Task to complete: For this exercise, copy all the data exactly and include none of the pictures.

Data:
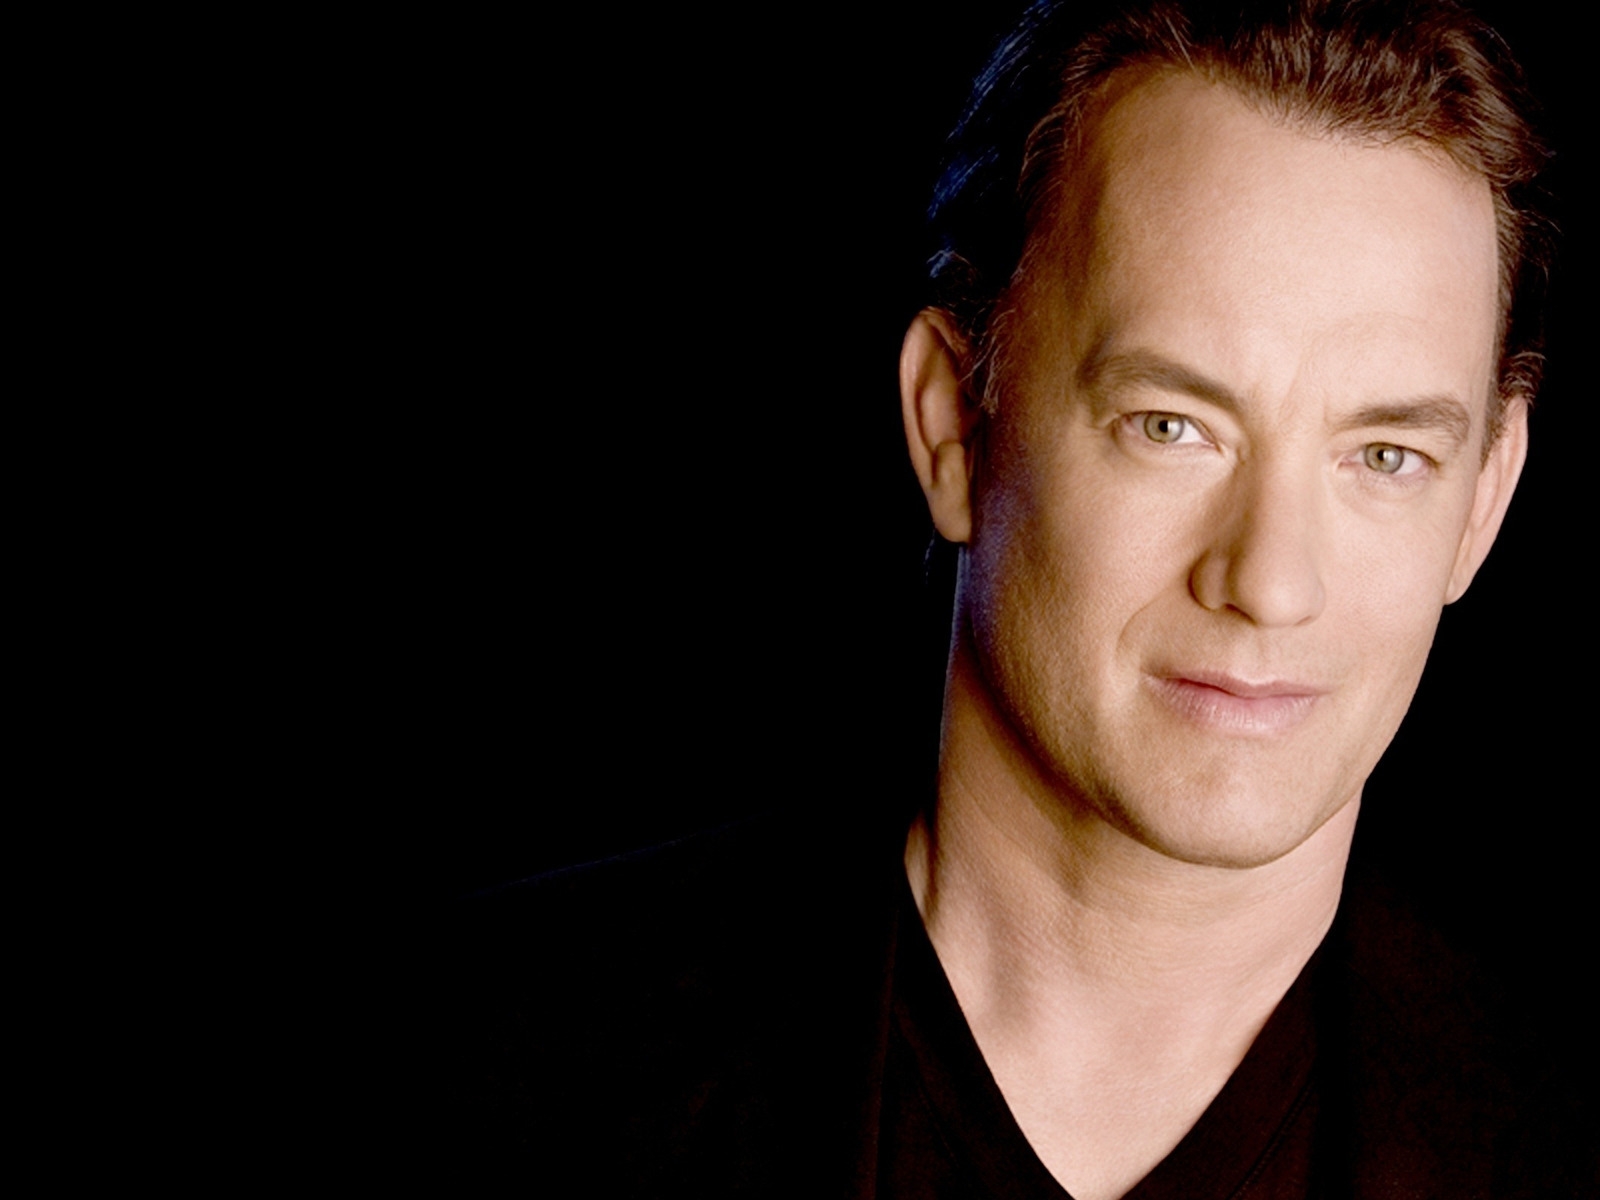 Tom Hanks for 1600 x 1200 resolution
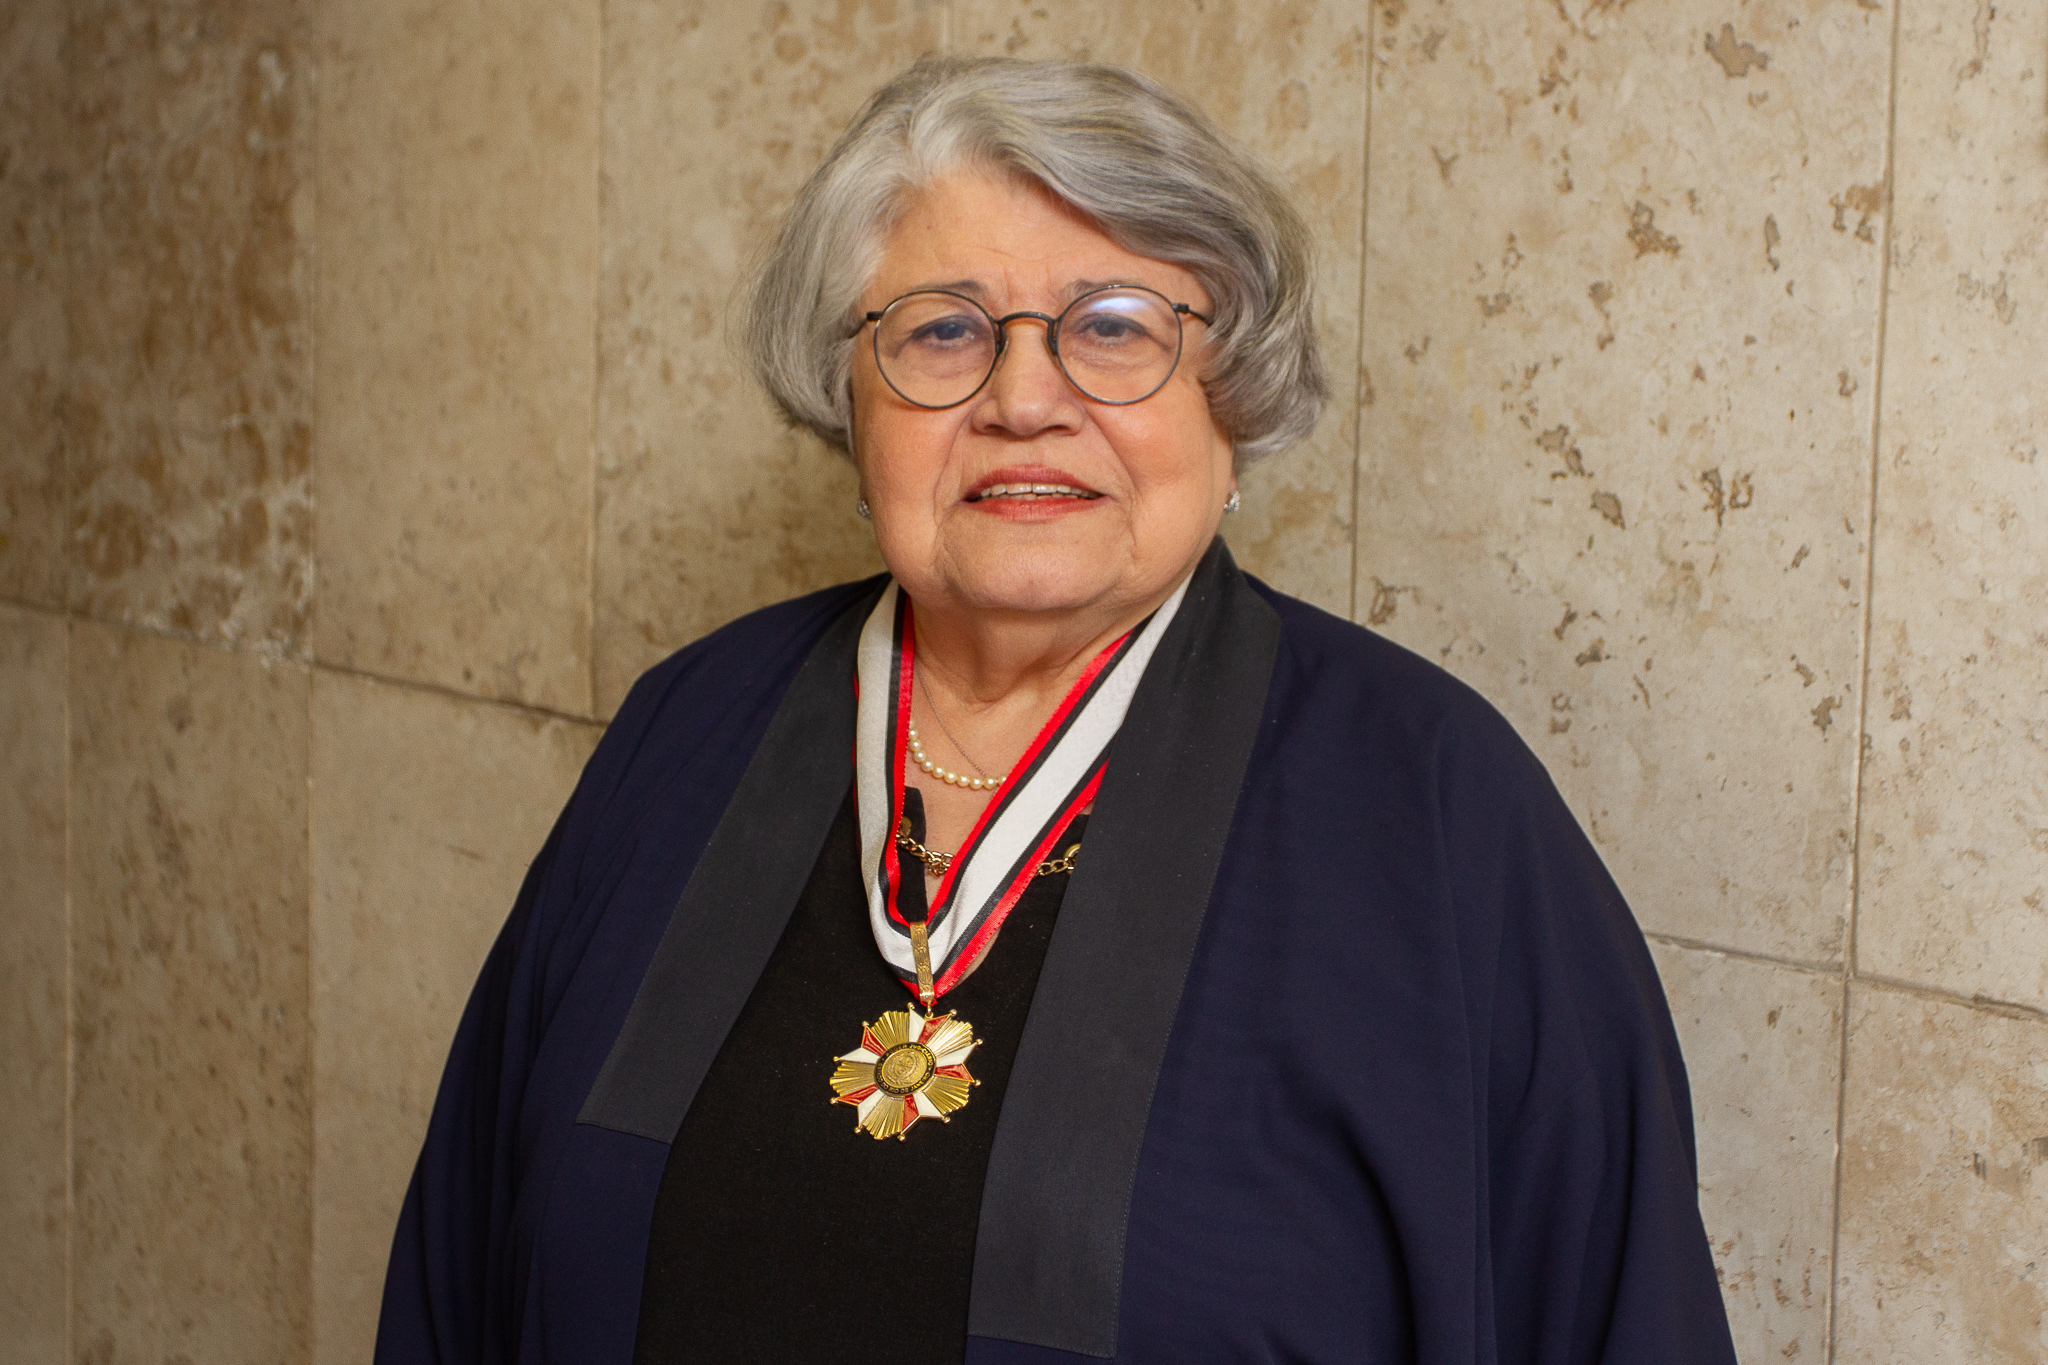 Foto posada da desembargadora Norma Suely Fonseca Quintes com a Medalha de Honra da Magistratura fluminense 
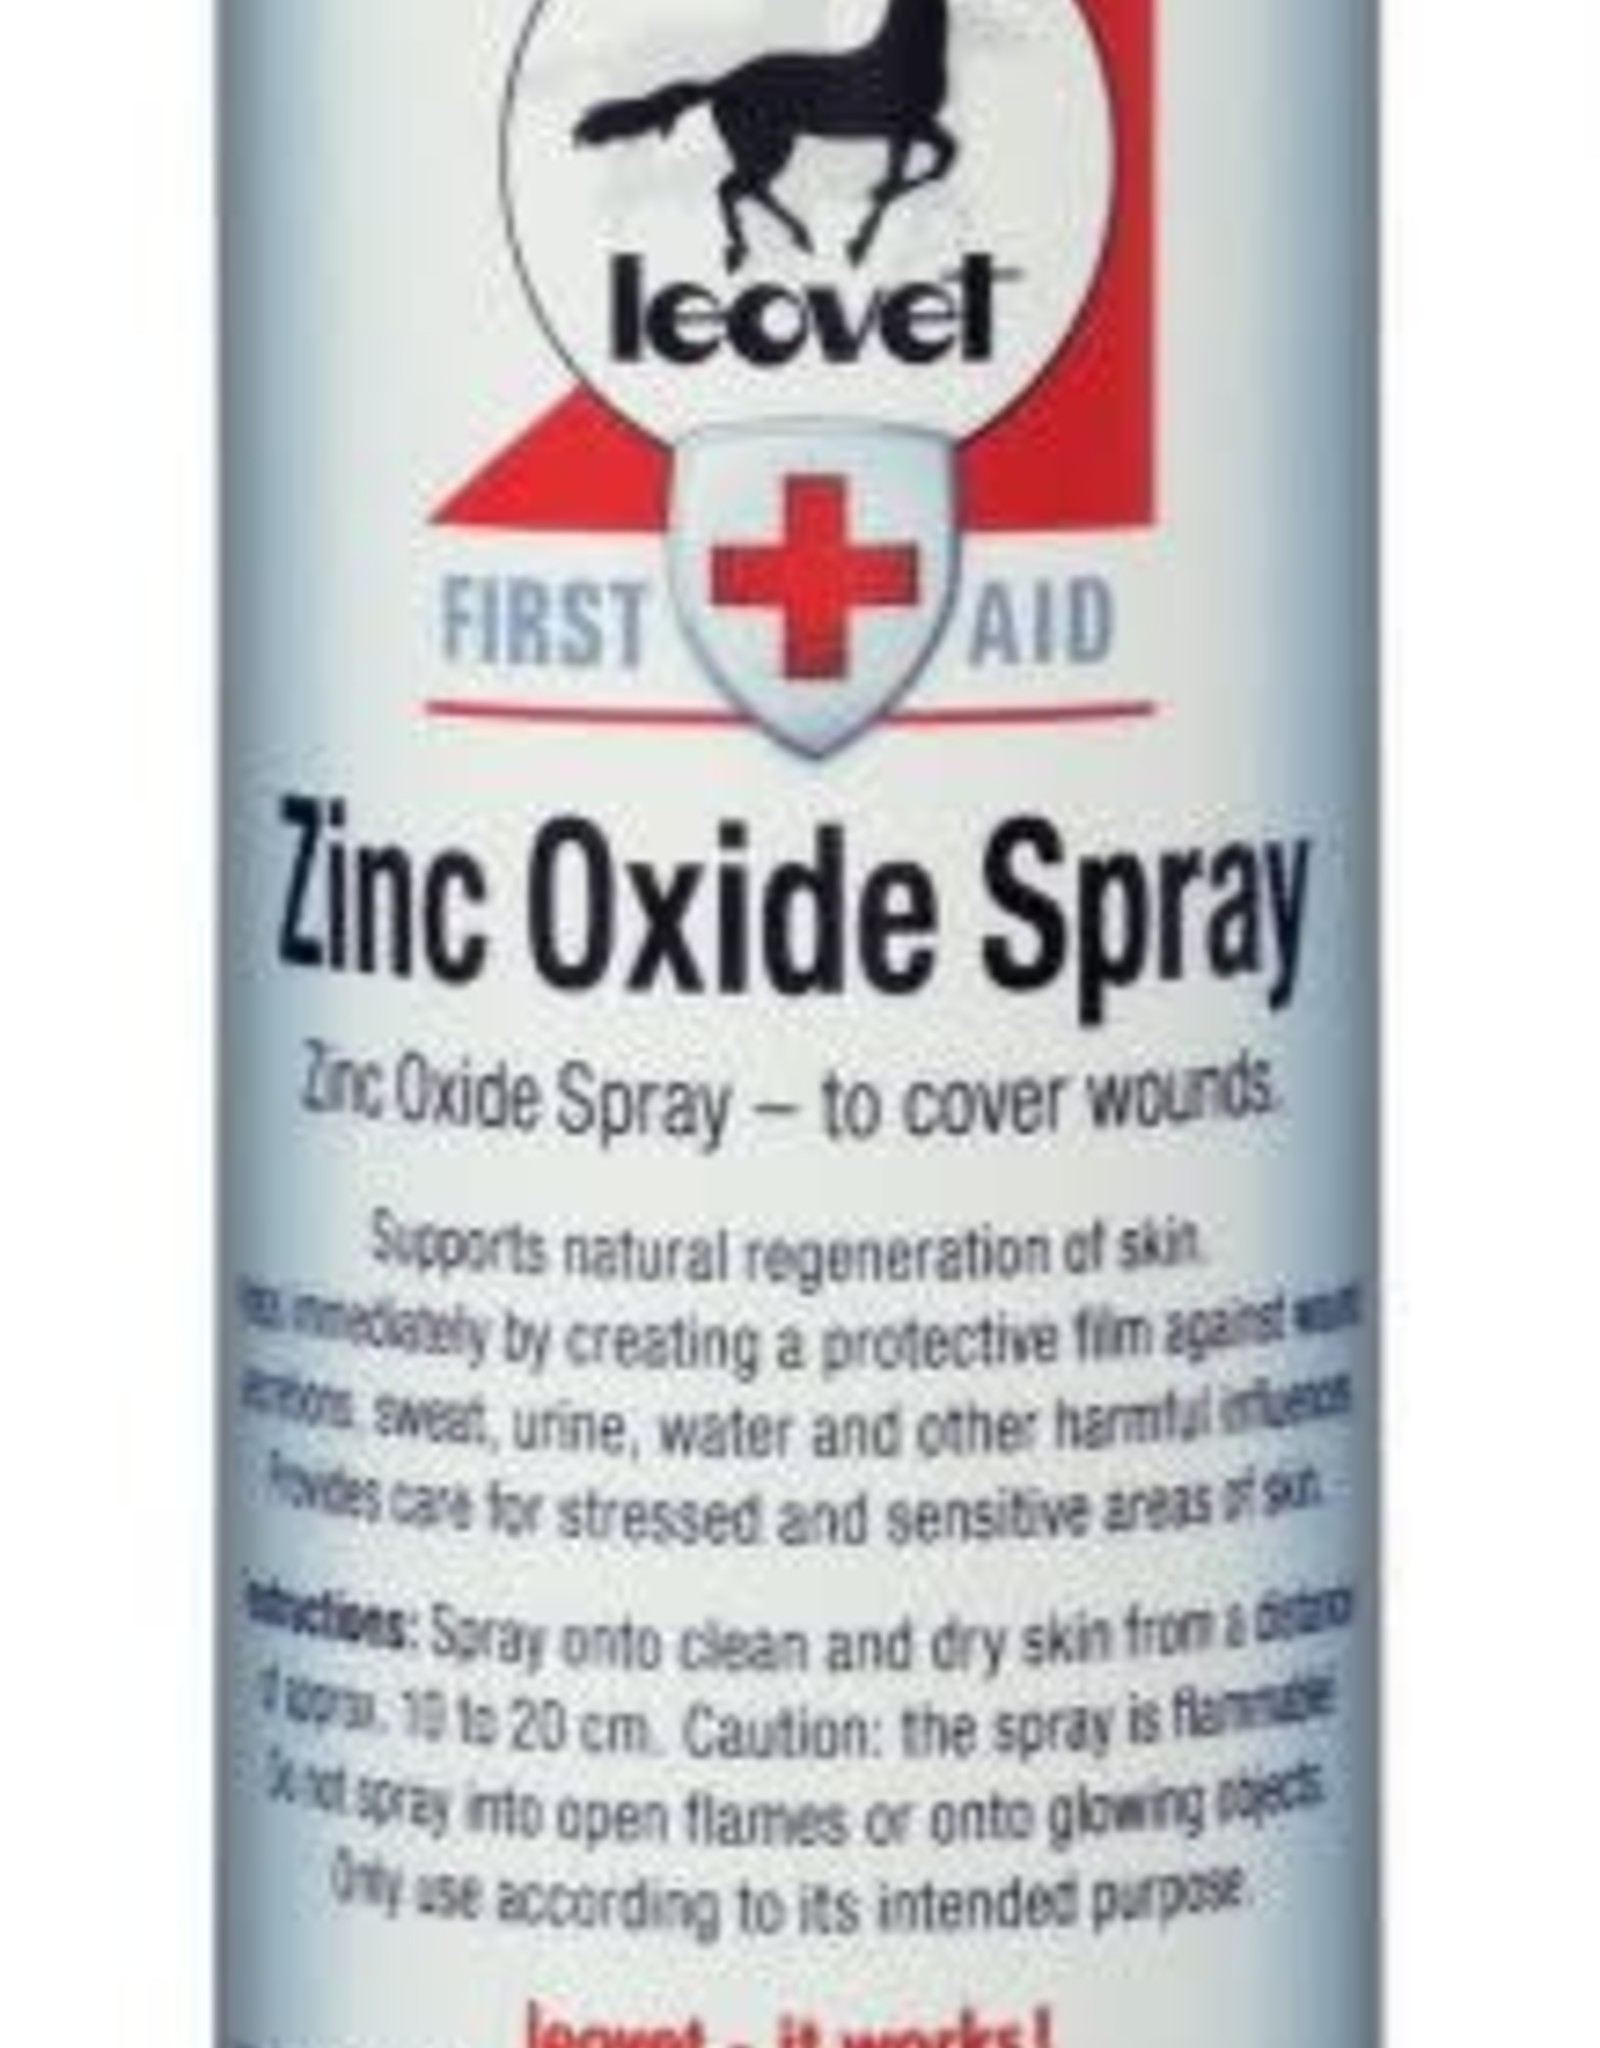 Comprar Spray Desinfectante Leovet ahora

Solved problem:
 Tom Hanks for 1600 x 1200 resolution
 Foto posada da desembargadora Norma Suely Fonseca Quintes com a Medalha de Honra da Magistratura fluminense 
 Comprar Spray Desinfectante Leovet ahora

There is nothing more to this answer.